# JD Behavior



## Lively (Jan 13, 2009)

Between moving tanks and taking her babies, my girl is sulking. Basically she hides out in her cave most of the day only coming out to eat if I entice her with her favorite flake food. At first, she would only eat if I basically hand fed her in her cave - now she will come out when she sees it. Most of the day, her mate hangs out infront of her cave. If she moves caves, he moves his guard point.

Normal behavior? They've never been in a spot for me to watch them so well after a successful egg laying.


----------



## TheFishGuy (Apr 21, 2005)

This sounds pretty standard to me. Have you ever noticed the male bringing her food?

He's not beating on her is he?


----------



## Lively (Jan 13, 2009)

No, he isn't bringing her food from what I can tell, but she comes out to eat. Rarely is there left over food when she is in the cave.

He's not really beating her up - chasing her a bit but I've not seen any real aggression towards her. There have been plenty of times when she is out that he could have attacked her and he hasn't. I'm careful to watch for that and check her for bite marks. He almost killed her about 2 years ago, her tail still shows the scars. Took her a couple of months to recover completely but within a month of putting her back in "his" tank they were great buddies and a month after that we had our first egg laying.

It seems like he's ready for her to lay eggs again but she just isn't in the mood - maybe she has a headache?? :lol:


----------



## TheFishGuy (Apr 21, 2005)

:lol: Possible :lol:


----------



## teqvet (Mar 24, 2008)

Lively said:


> It seems like he's ready for her to lay eggs again but she just isn't in the mood - *maybe she has a headache?*? :lol:


thanks.. i nearly woke the baby! :lol:


----------



## Lively (Jan 13, 2009)

teqvet said:


> thanks.. i nearly woke the baby! :lol:


 :thumb: happy to provide the occasional chuckle...


----------



## Lively (Jan 13, 2009)

Seems the headache is gone... Guess that advil I plopped into the water helped... (yes, I'm kidding)

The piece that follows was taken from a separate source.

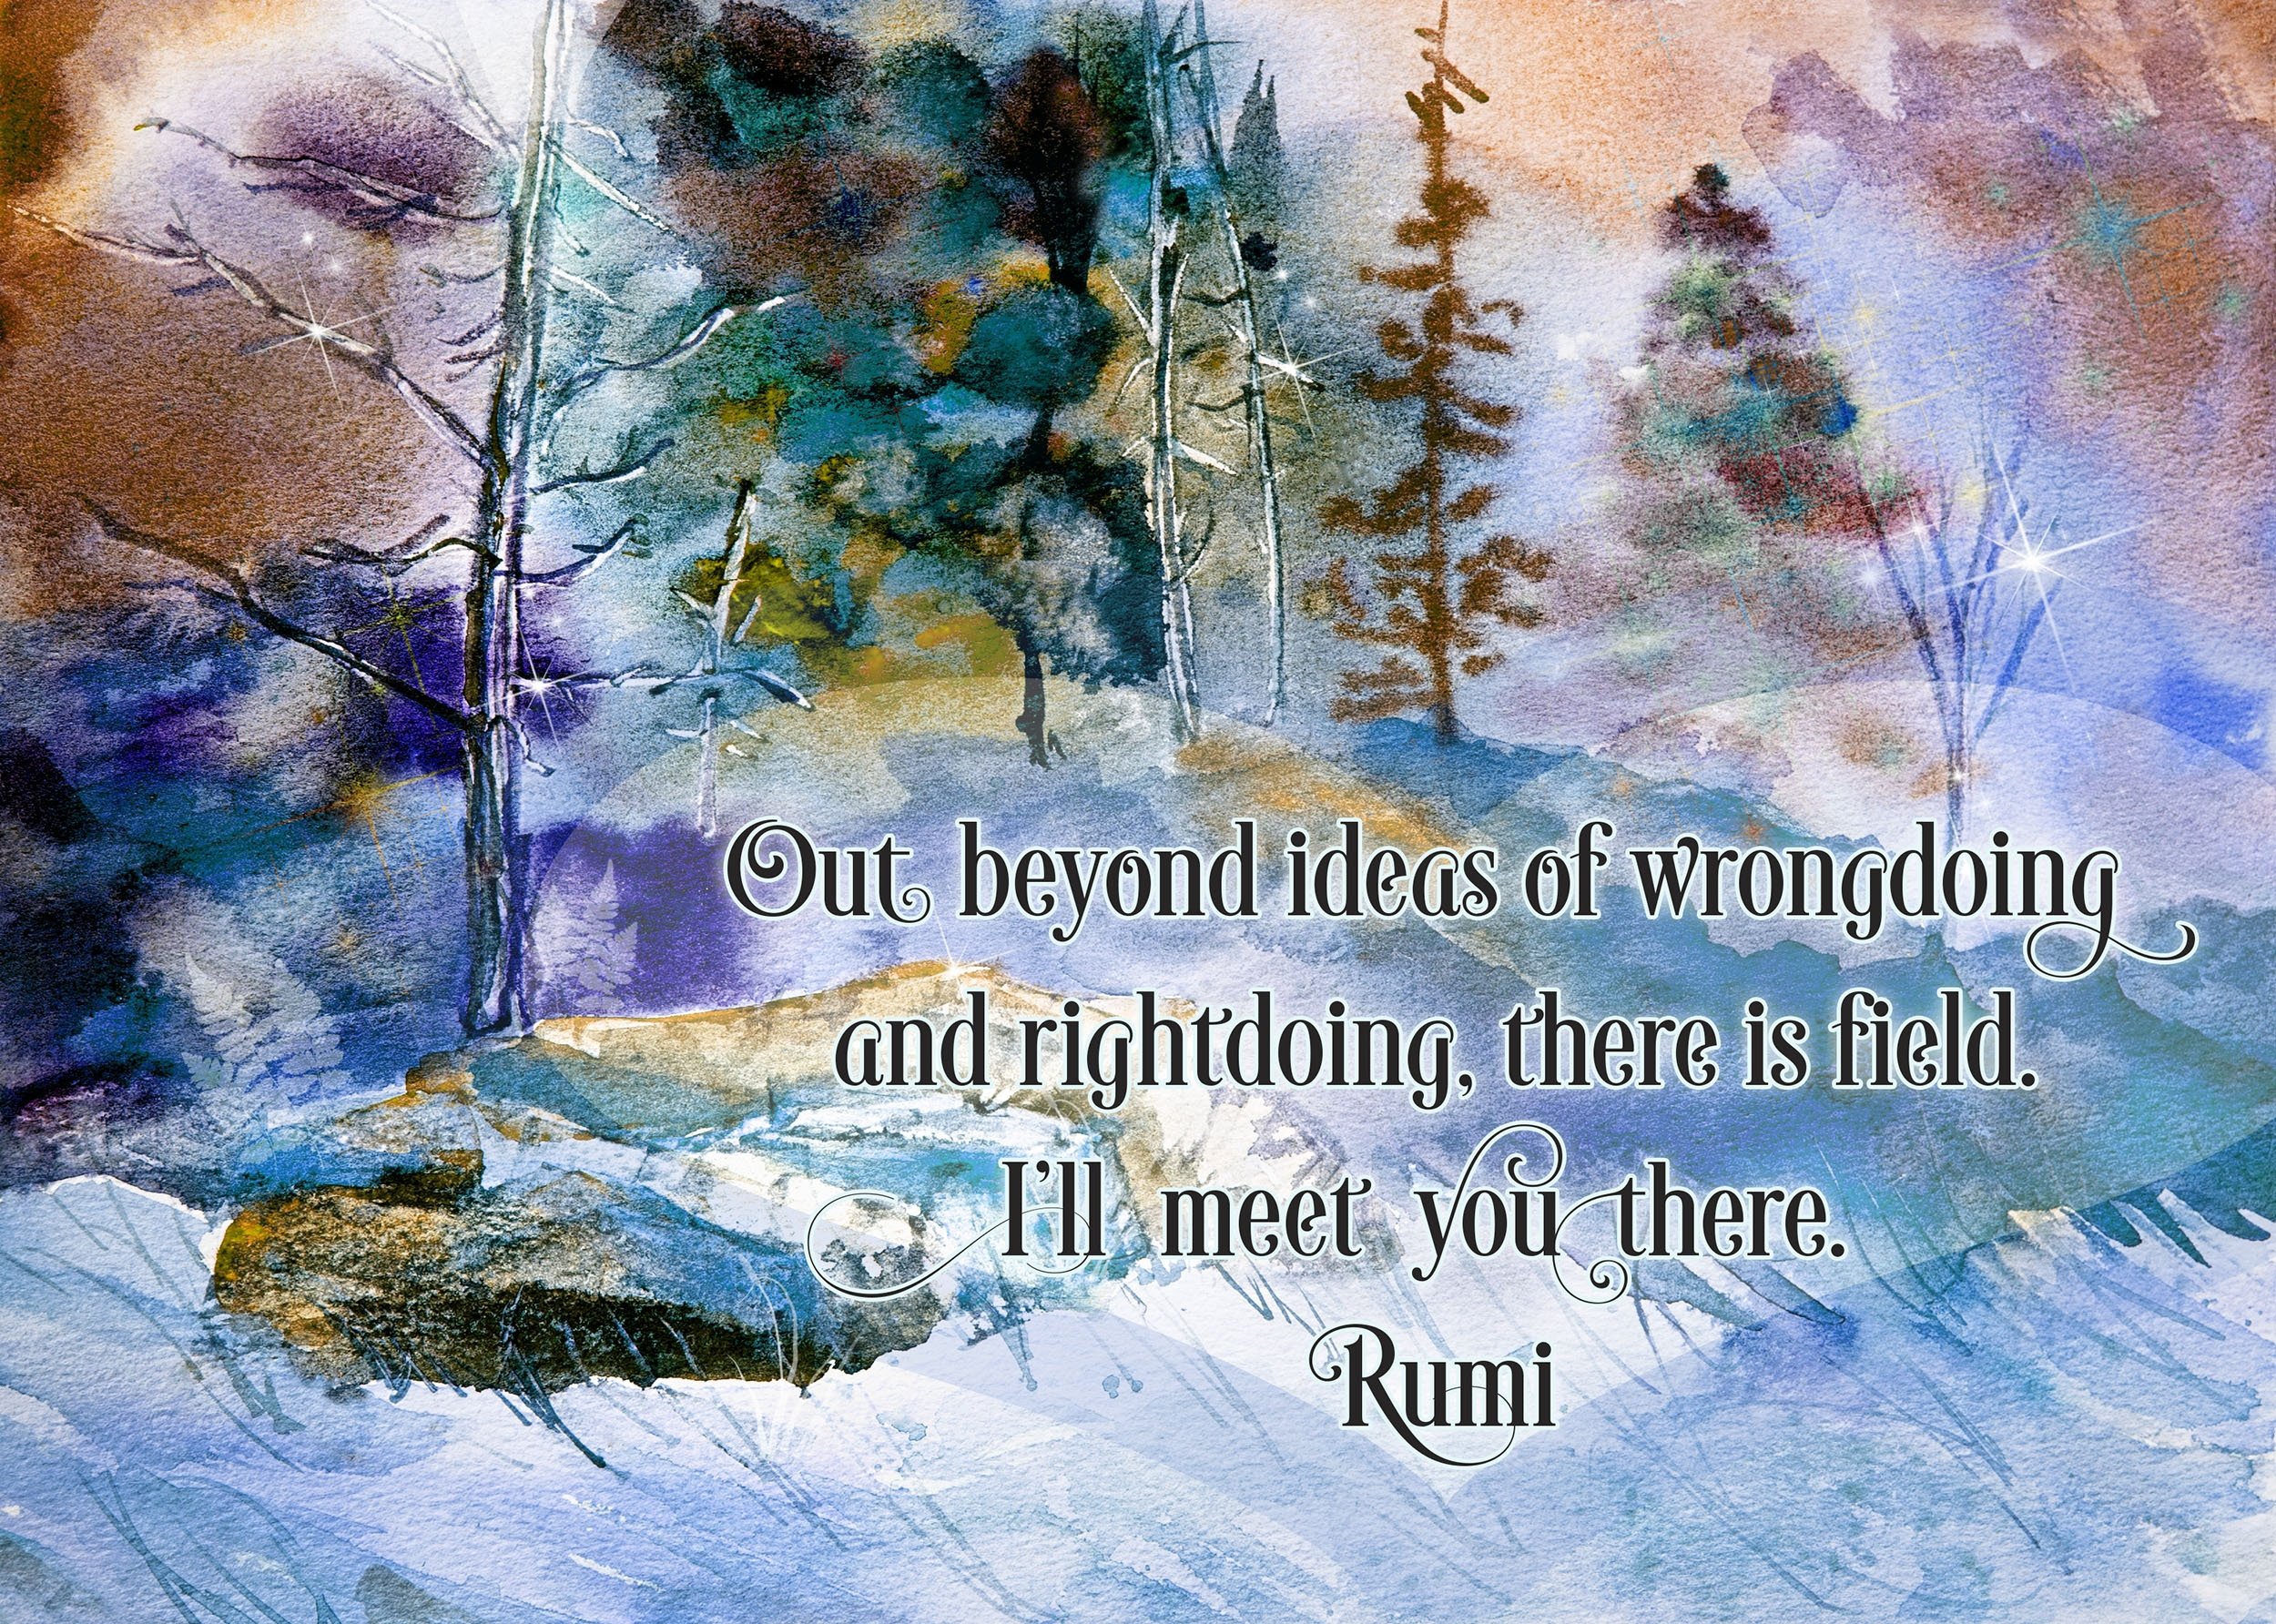 A watercolor painting with an inspiring message by Mevlana Jalaladdin Rumi

I had no idea she was such a tease... lol I love that we moved the tank so I can really watch them easily. Her colors are up around her face and she is enticing him to follow her. I can't remember what the egg laying anatomy is called - but it's pronounced. It's been about 6 weeks from last laying and about a week to the day since I took the fry - normal?

I can't believe I've had these fish this long and never been able to watch this before - more entertaining than anything on tv opcorn:


----------



## TheFishGuy (Apr 21, 2005)

Lively said:


> - more entertaining than anything on tv opcorn:


Couldn't agree more 8)


----------



## teqvet (Mar 24, 2008)

Lively said:


> more entertaining than anything on tv opcorn:


Exactly why, when I found this 75g, I thought it'd be perfect to put in our bedroom. Planning on getting(with tax return!) a new king sized bed and a recliner to put in the room as well so I have more of an excuse to keep the wife in there with me on early weekend mornings while the kids are up at the crack of dawn watching cartoons.

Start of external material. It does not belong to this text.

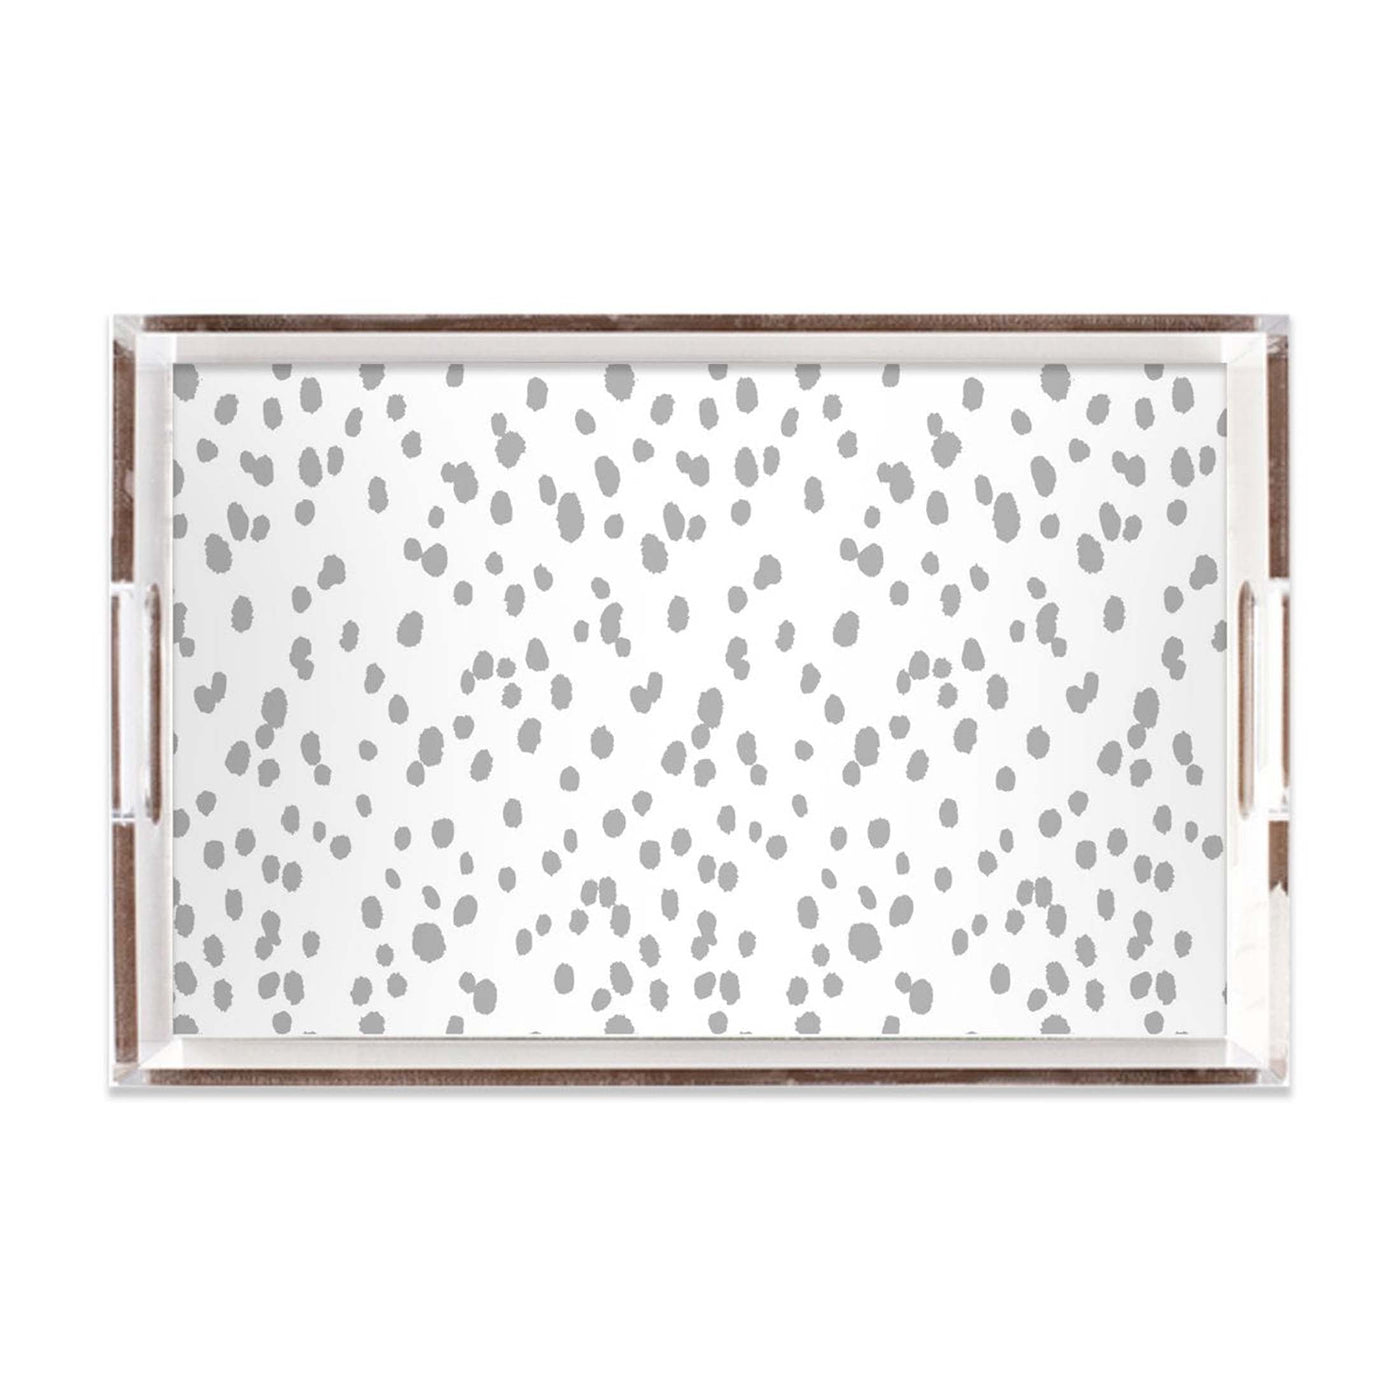 Lucite Trays Grey / 11x17 Seeing Spots Lucite Tray Katie Kime

I figure a couple of EBJD's to stare at with their beauty and some clown loaches with their antics would be perfect 

I'll watch my msobo tank about an hour before I crash each night because it's A) relaxing, b)entertaining, c)makes you sleepy with the waterfall sounds of the HOB's LOL!!


----------



## TheFishGuy (Apr 21, 2005)

I'll tell you, there's nothing more stress relieveing!


----------



## Guest (Jan 28, 2009)

haha i fell asleep about 5 times looking at my 100 gallon.

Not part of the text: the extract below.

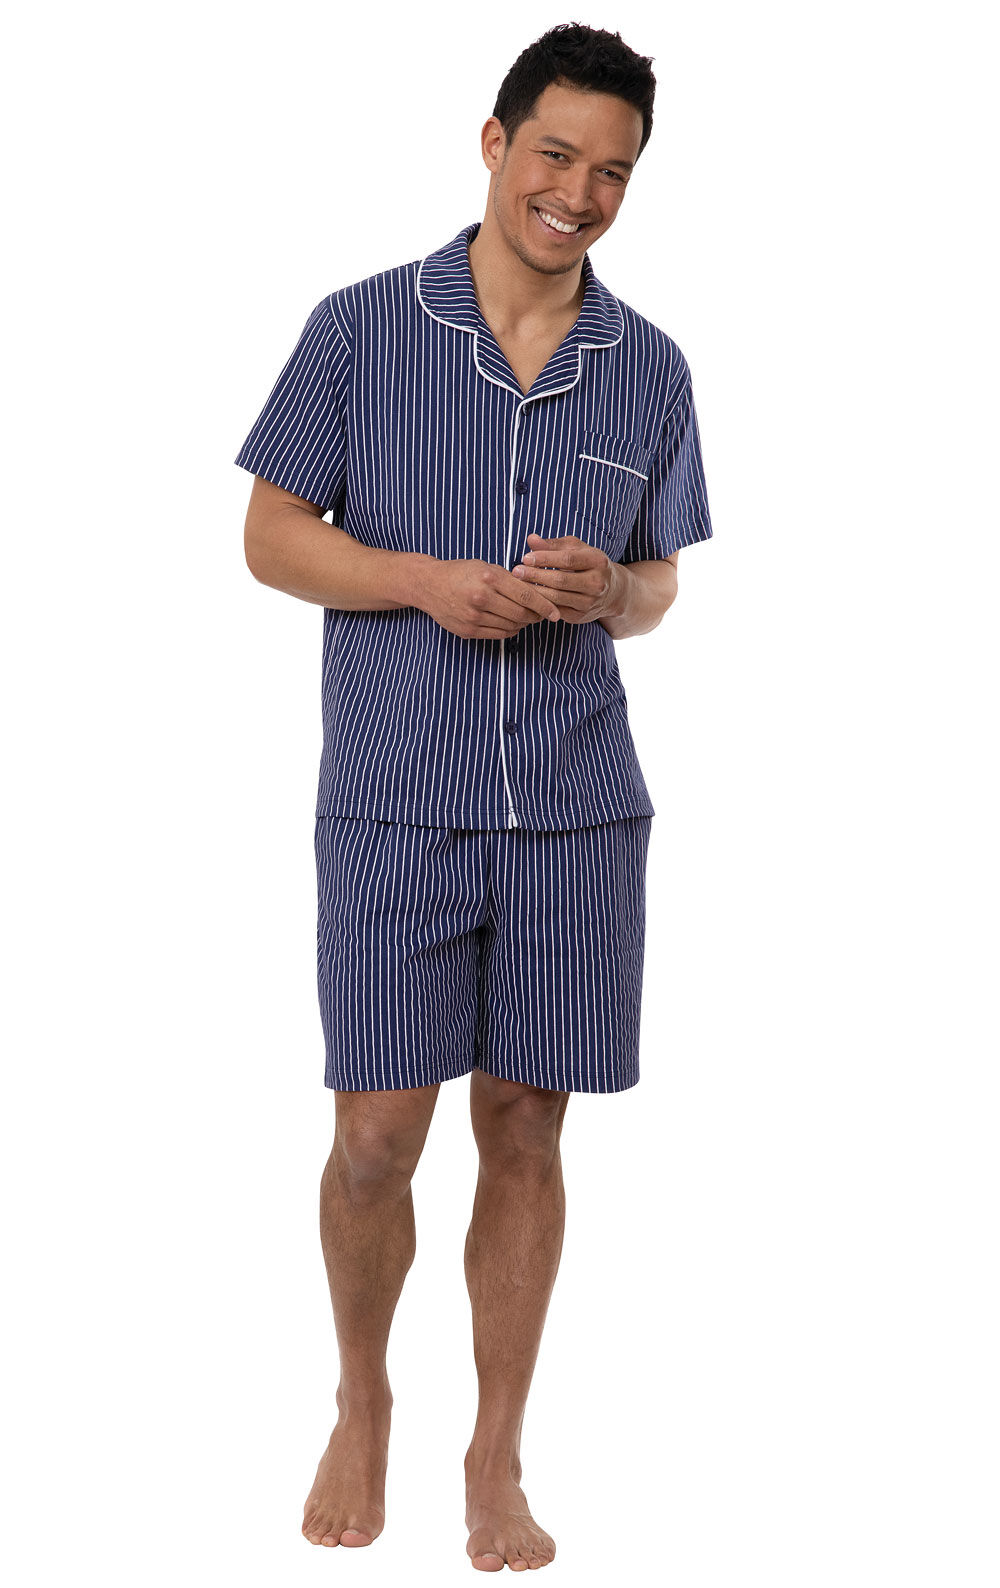 Fully Opening Front Men's Satin Stripe Cotton Nightshirt sizes avail.

is there a reason on why jack's hide a lot? i would like to see mine more often.

not trying to steal Lively's thread or anything


----------



## TheFishGuy (Apr 21, 2005)

That's a good question.. some are very shy, most are in fact... Some grow out of this trait while others never do. One thing that a peson can do is to introduce some swordtails to the tank along with some floating plants. This will convince the jd's that it's safe to come out simply because it's safe for smaller fish to come out. They think there's no presence of a predator if smaller fish are swimming freely so they feel a little more comfortable... This works with some, but not with others... I say it's worth a try


----------



## Guest (Jan 28, 2009)

Hmmm I guess my oscar is scaring it a bit then haha. 
My oscar is going crazy right now as I speak haha


----------



## Lively (Jan 13, 2009)

g465777 said:


> is there a reason on why jack's hide a lot? i would like to see mine more often.
> 
> not trying to steal Lively's thread or anything


  Steal away...

I really don't know why they are shy, mine used to be shy, then he just got too darn big to hide anywhere in the tank. He didn't have a choice but to be social. I did try and make him a cave, but he is strong enough to move the rocks, for his sake I just have hidey holes big enough for my female and the young Jack I have. He, unlike his dad who was about the same size when we got him, is a very social fish.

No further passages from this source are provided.